Recorded information:
•••
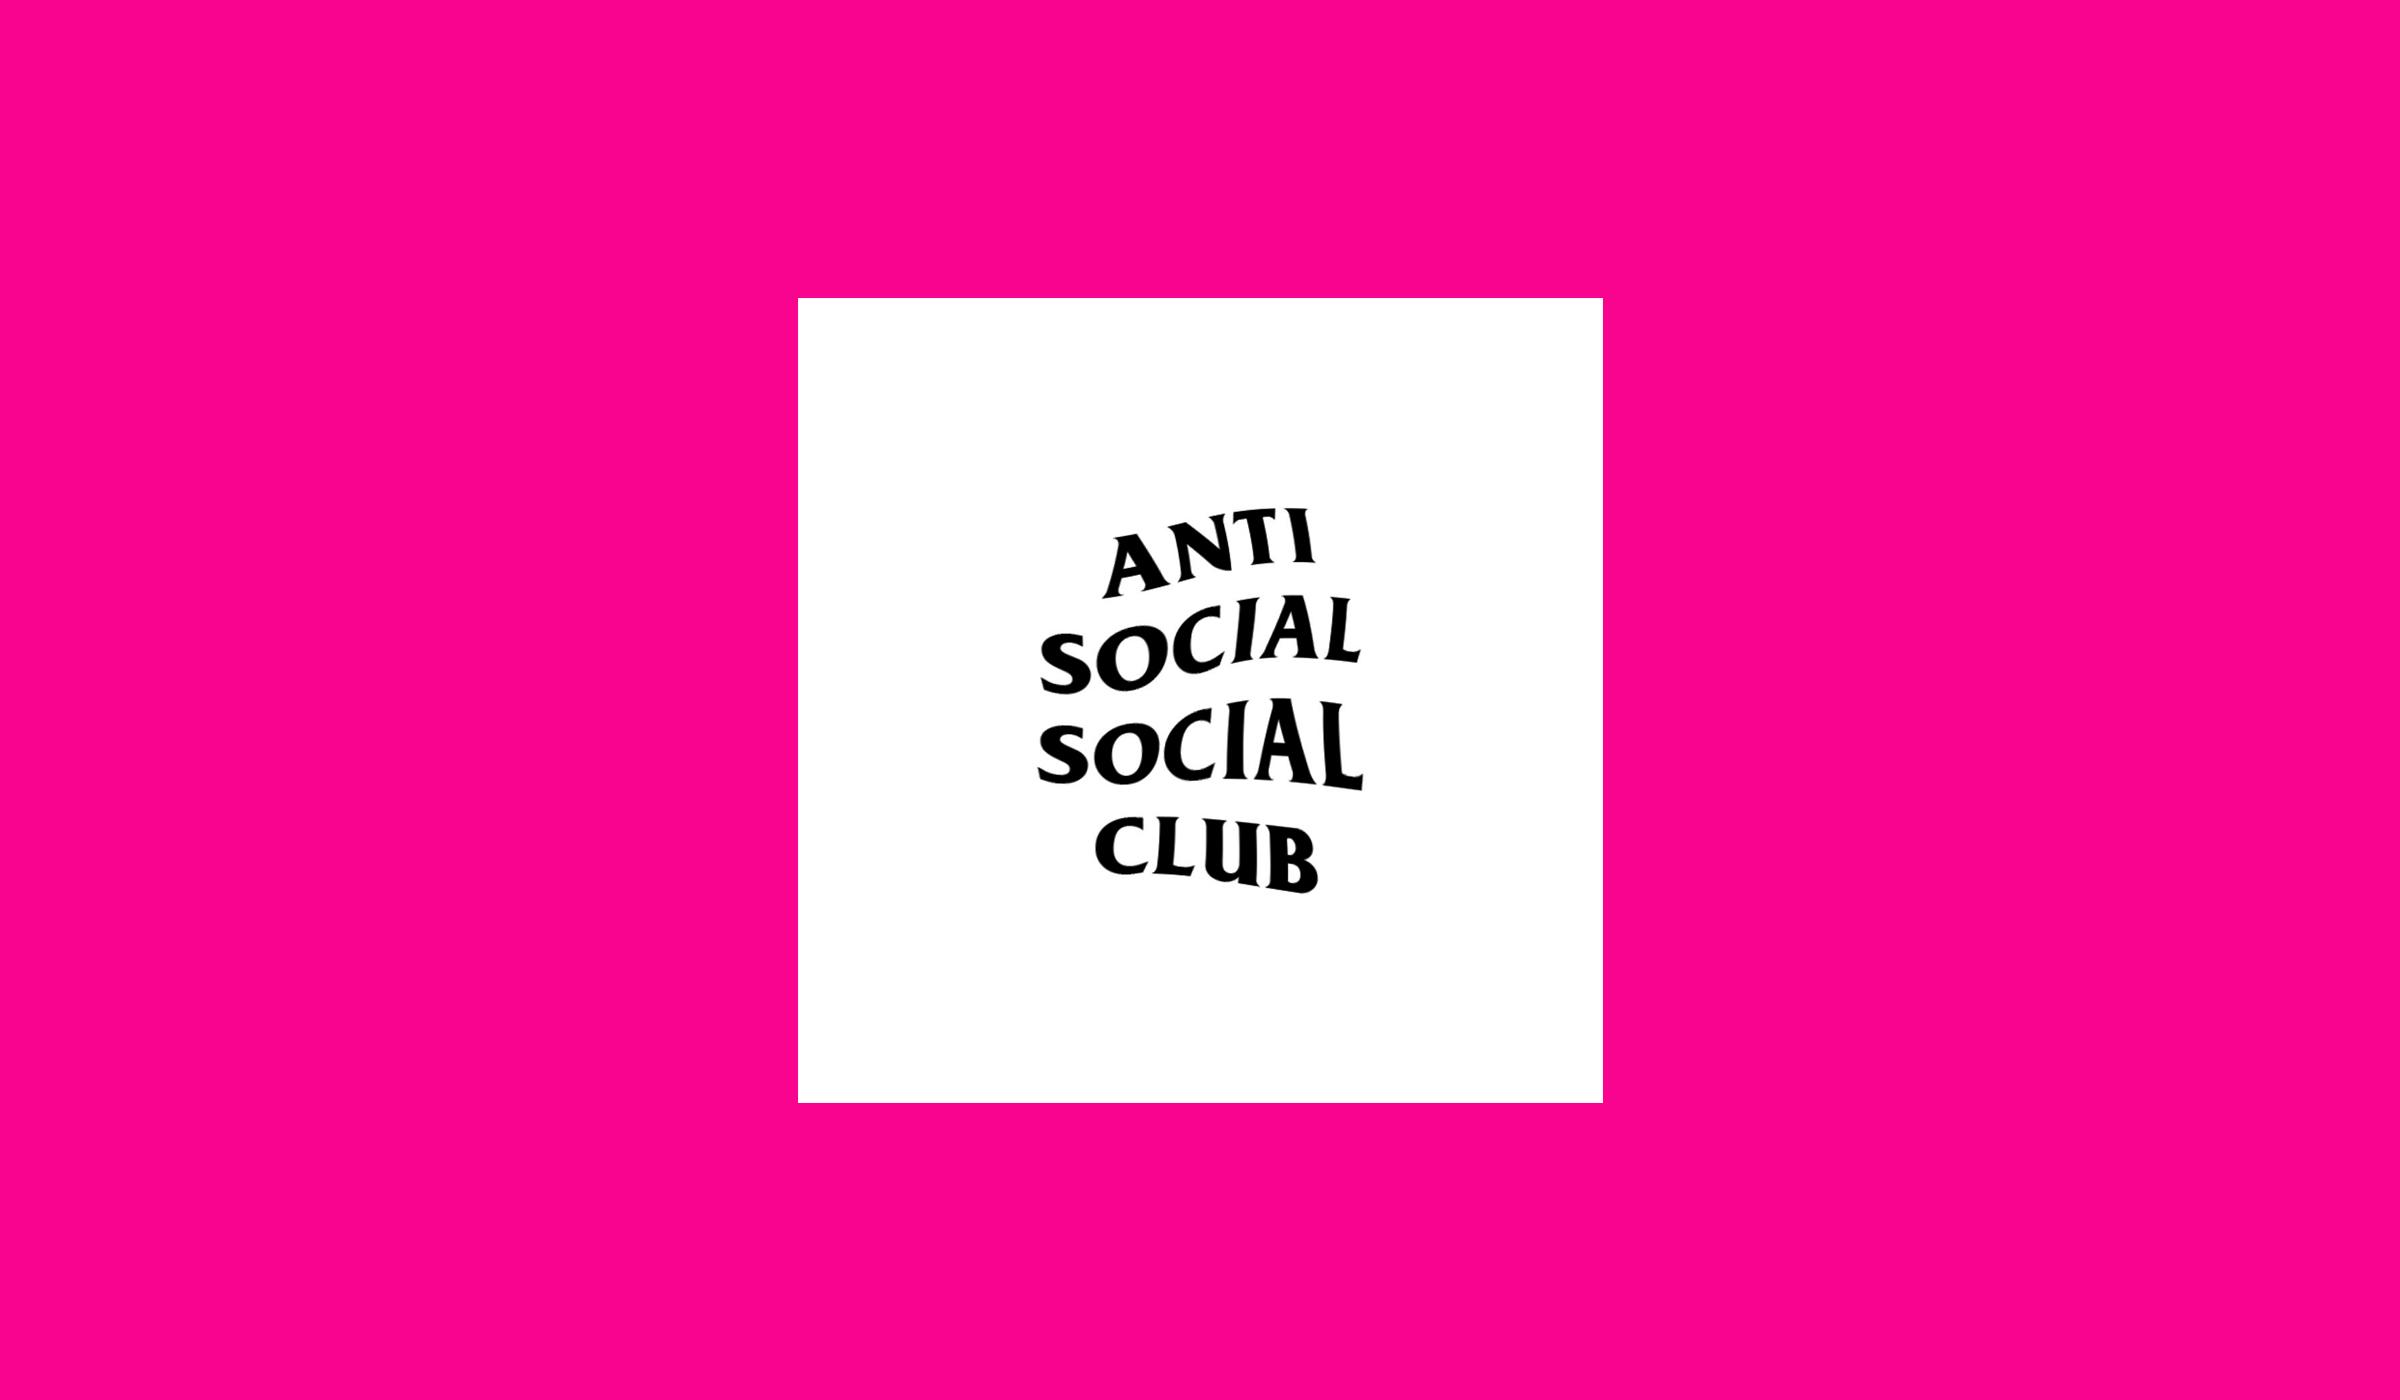 Anti Social Social Club.
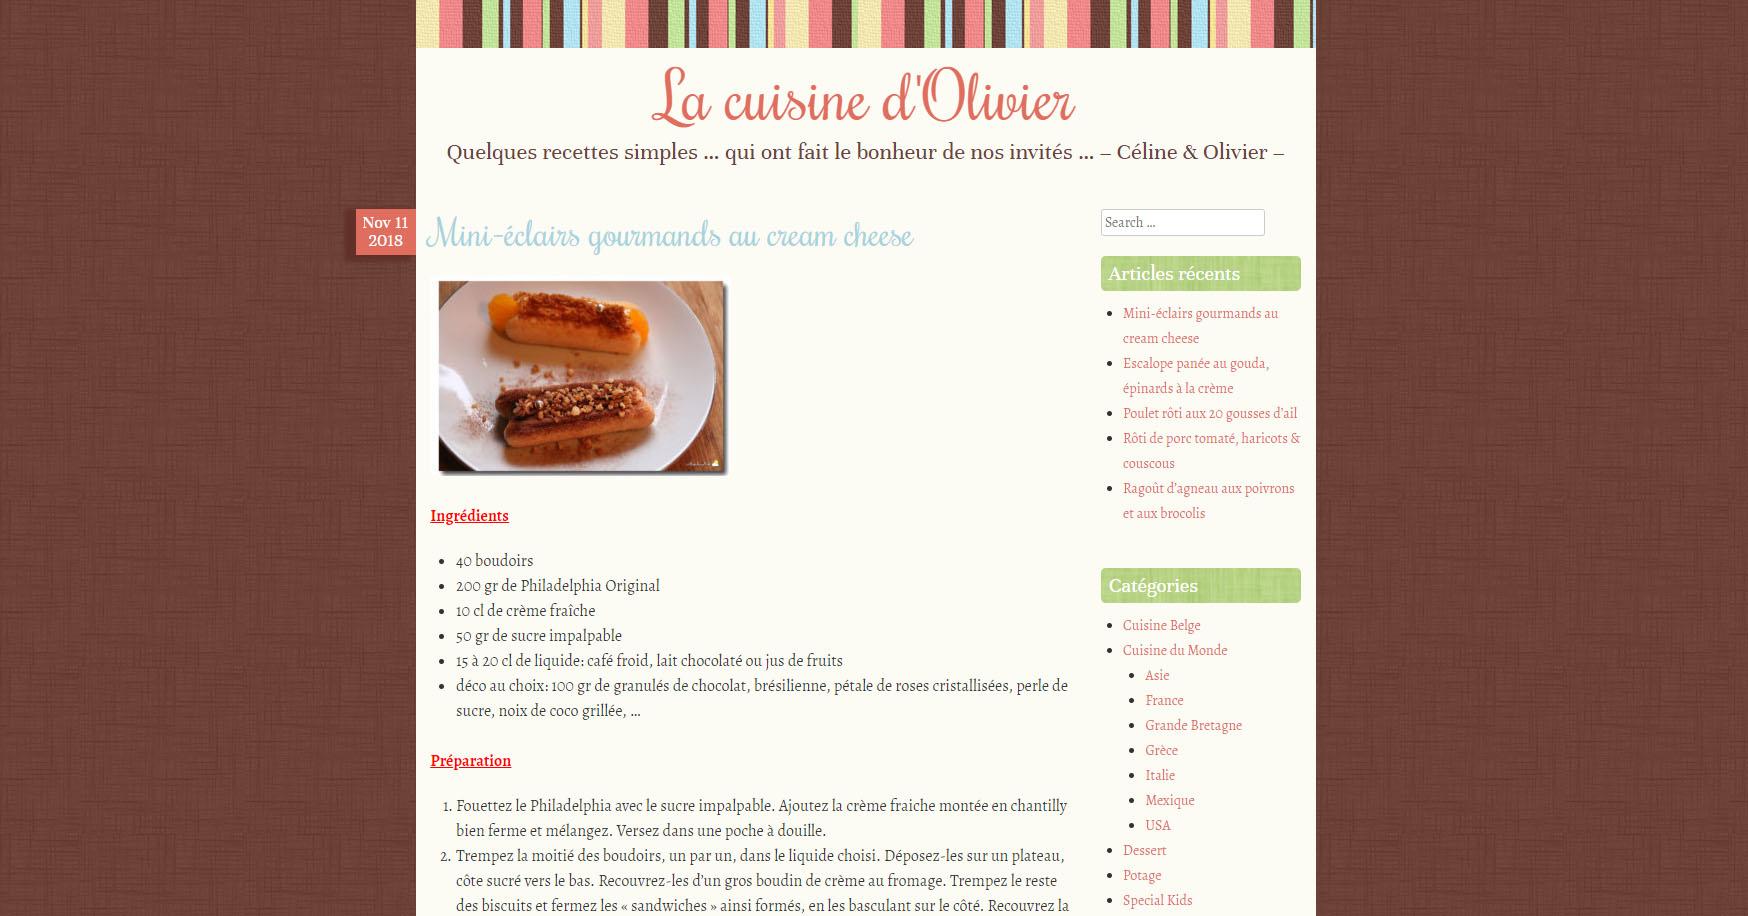 La Cuisine d'Olivier
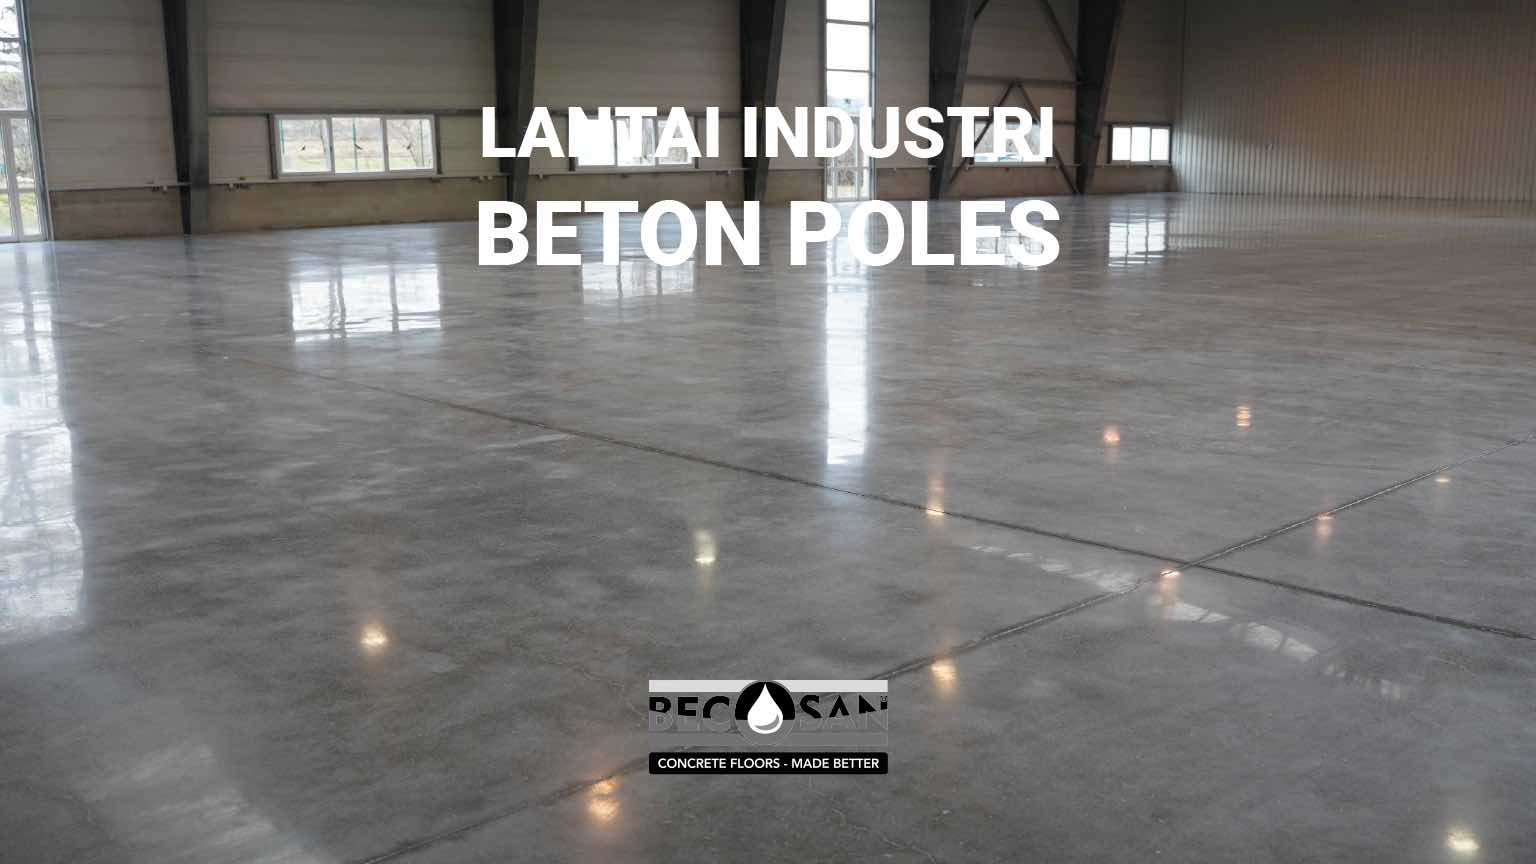 Beton poles lantai industri
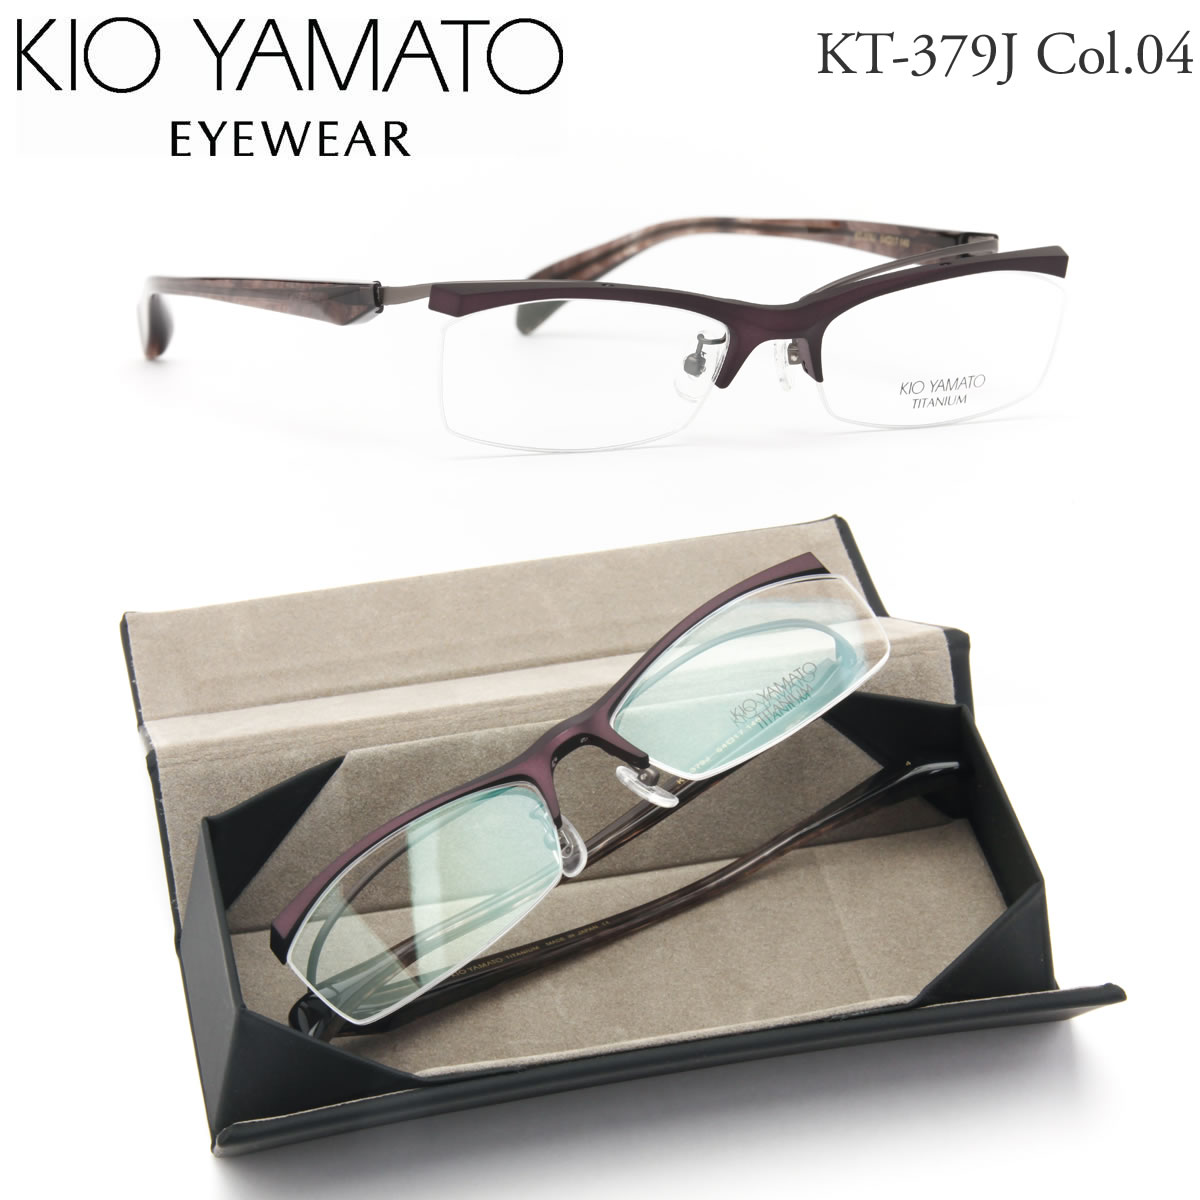 ほぼ全品ポイント15倍~最大43倍+3倍!お得なクーポンも! 【KIO YAMATO メガネ】キオヤマト メガネフレーム KT-379J 04
•••
Action item: Each line from the one that holds "Beton poles lantai industri" through the end of the material should be repeated exactly, and nothing more. Leave out any picture.

Your solution:
 Beton poles lantai industri
 ほぼ全品ポイント15倍~最大43倍+3倍!お得なクーポンも! 【KIO YAMATO メガネ】キオヤマト メガネフレーム KT-379J 04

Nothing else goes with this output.